Confirm the transformation worked as intended.


In [None]:

train_loader_norm = DataLoader(train_set_norm, batch_size=BATCH_SIZE, shuffle=False, num_workers=2, pin_memory=True)

'''
Verify that data are normalized
'''

mean_norm, std_norm



> Report the post‑normalization means and stds. They should be close to `[0,0,0]` and `[1,1,1]` (small deviations are normal due to rounding/batching).

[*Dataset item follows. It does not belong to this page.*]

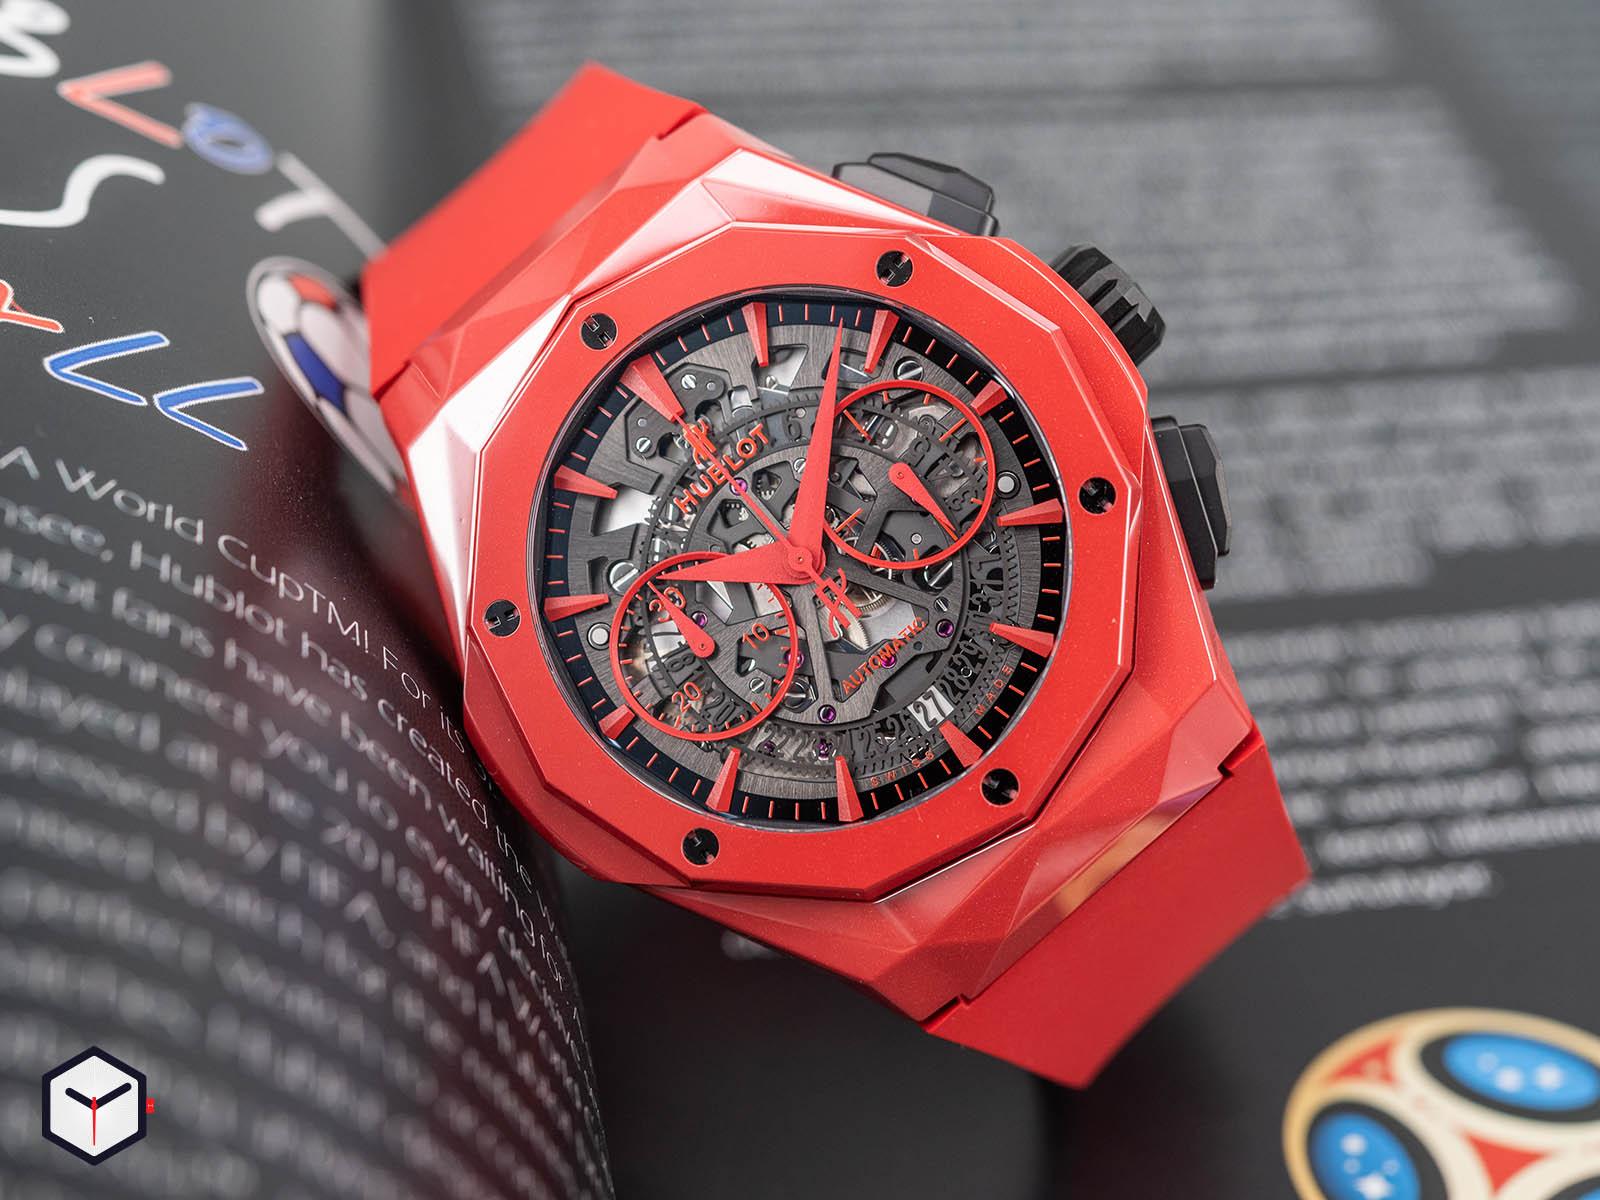 525-cf-0130-rx-orl19-hublot-classic-fusion-chronograph-orlinski-red-ceramic-2.jpg

## Light Data Augmentation
Add a few basic augmentations (random crop with padding, random horizontal flip). Use **train** only.


In [None]:

aug_transform = transforms.Compose([
    transforms.RandomHorizontalFlip(p=0.5),
    #anything else you may want to add is welcomed
    normalize,
])

train_set_aug = datasets.CIFAR10(root=DATA_DIR, train=True, download=False, transform=aug_transform)
len(train_set_aug)



> Explain when/why augmentation helps. What risks do heavy augmentations pose for small images like CIFAR‑10 (32×32)?



## Class Distribution
Confirm class balance. CIFAR‑10 should be balanced across the 10 classes. Create a plot as a visual aid


In [None]:
'''
Cifar10 is perfectly distributed among classes, this will not always be the case, plots help, numbers help
'''

# show class distribution
# show plot 


## 9. Submission Checklist
- [ ] Printed dataset sizes and showed random sample images.
- [ ] Reported per‑channel mean & std from the training set.
- [ ] Applied normalization using computed stats.
- [ ] Verified post‑normalization mean/std are ~0/1.
- [ ] Basic augmentations and rationale.